-Me parece que no creo en Dios, -le revelaba a mi mejor amigo de entonces en el cole no sin cierta preocupación-.
-Que no crees en la existencia de Dios, querrás decir, -puntualizó Chano, que así se llamaba mi compañero de pupitre.
-Yo no mucho tampoco, pero me alegro que alguien coincida conmigo, -me confesó Chano en un mismo susurro en el que apenas usábamos las cuerdas vocales.

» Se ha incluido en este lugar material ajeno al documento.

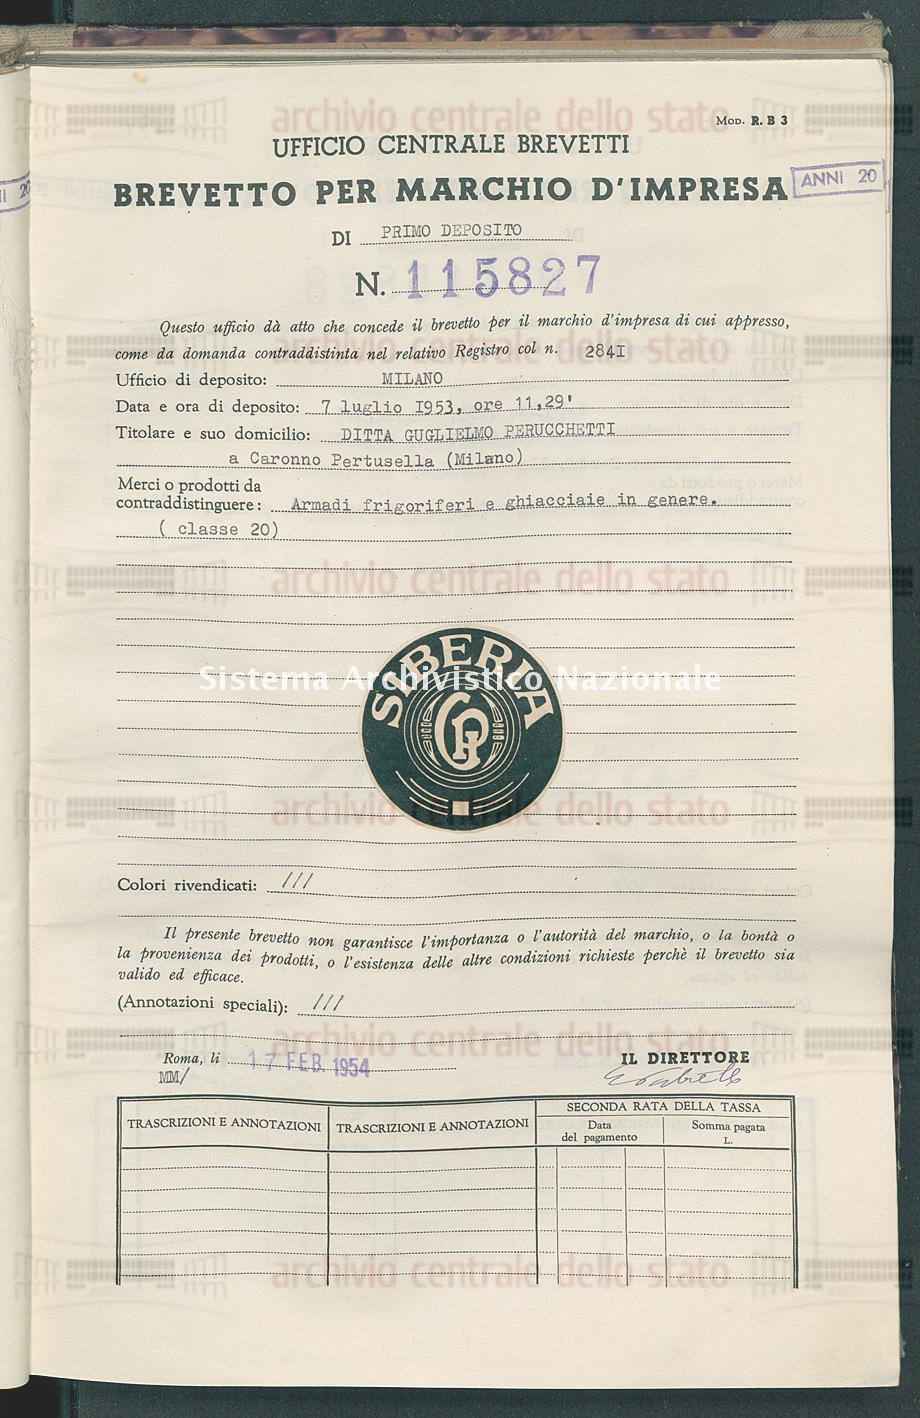 Armadi frigoriferi e ghiacciaie in genere Ditta Guglielmo Perucchetti (17/02/1954)

Aunque bien es verdad que a esa edad tan temprana y tierna ya nos sentíamos obligados a creer por obligación, merced, sobre todo, a la presión mediática a la que en el colegio éramos sometidos, y que instigados por la influencia de la Iglesia y el Estado, su figura, la de Dios quiero decir, nos daba más bien miedo que otra cosa. En un sentido tanto o más que la influencia del Diablo, en el que tampoco creíamos pero al que, al mismo tiempo, temíamos sin razón aparente que lo justificara porque a aquellas edades en que nos planteábamos este tipo de cosas de carácter más bien teológico, nos sentíamos incapaces de levantar la ira que se decía de Dios, ni la maldad que se le atribuía al mismísimo Demonio. Tal era nuestra inocencia.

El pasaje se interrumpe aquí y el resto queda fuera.